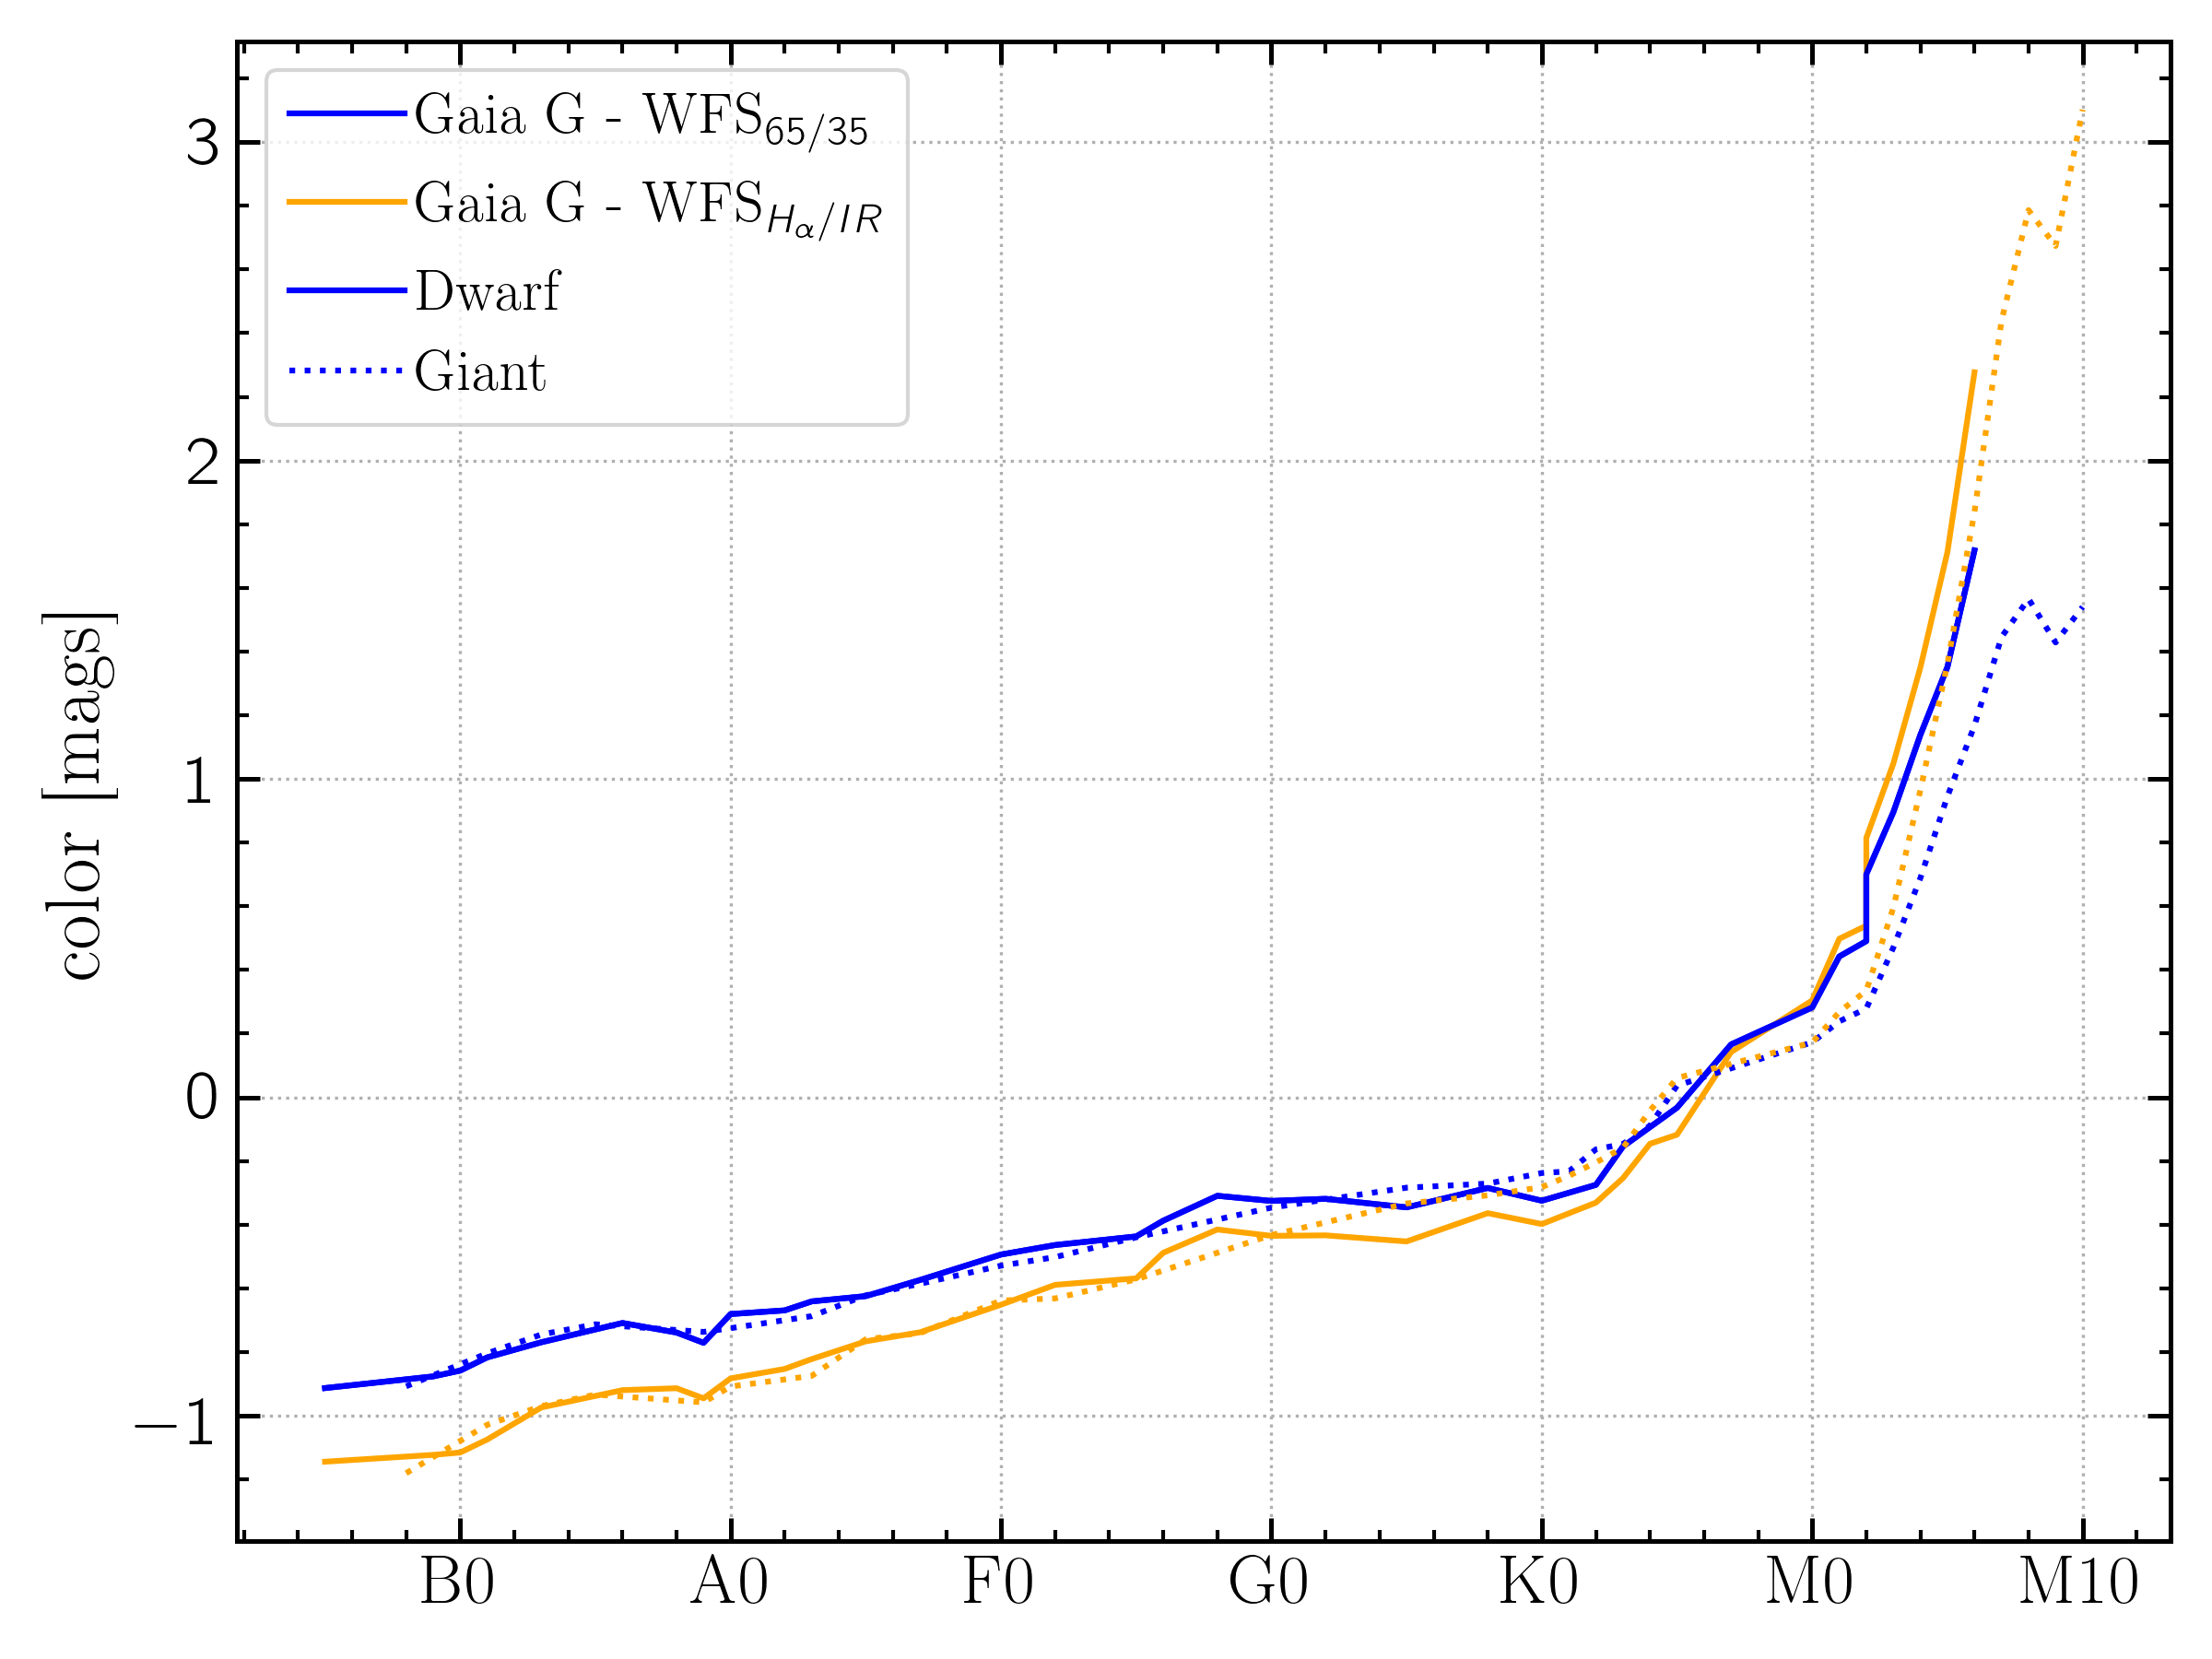 Gaia to WFS curves by spectral type
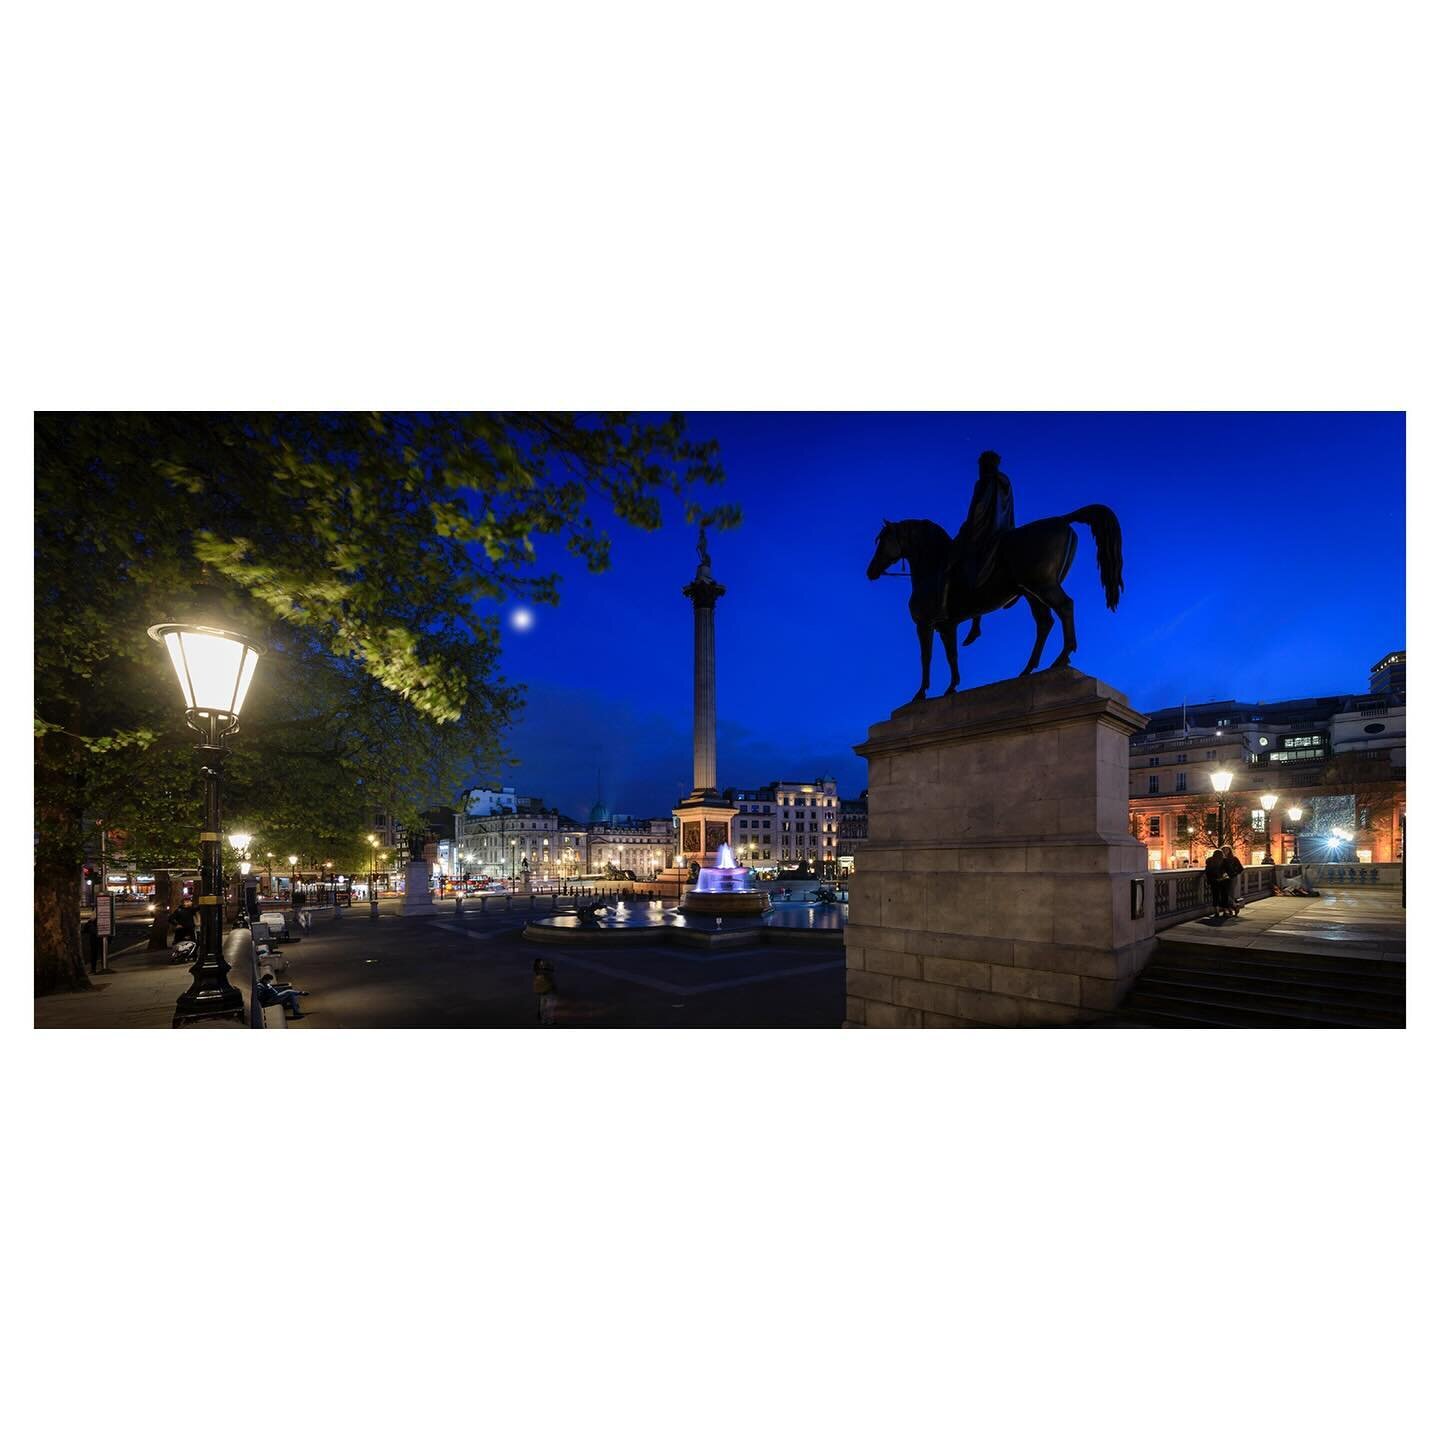 A selection of my London landscapes available to buy as prints here 👇
 website https://www.cannonphotos.com/ 
Link also below in comments&hellip;
🎄🎅
.
.
.
.
.
#londonlandscape #printsforsale #photography #cannonphotosltd #trafalgarsquare #batterse

= Exercise prompt =
Transcribe every line from the records above without alteration, and leave out the images.

= Output for this task =
 Gaia to WFS curves by spectral type
 A selection of my London landscapes available to buy as prints here 👇
 website https://www.cannonphotos.com/ 
Link also below in comments&hellip;
🎄🎅
.
.
.
.
.
#londonlandscape #printsforsale #photography #cannonphotosltd #trafalgarsquare #batterse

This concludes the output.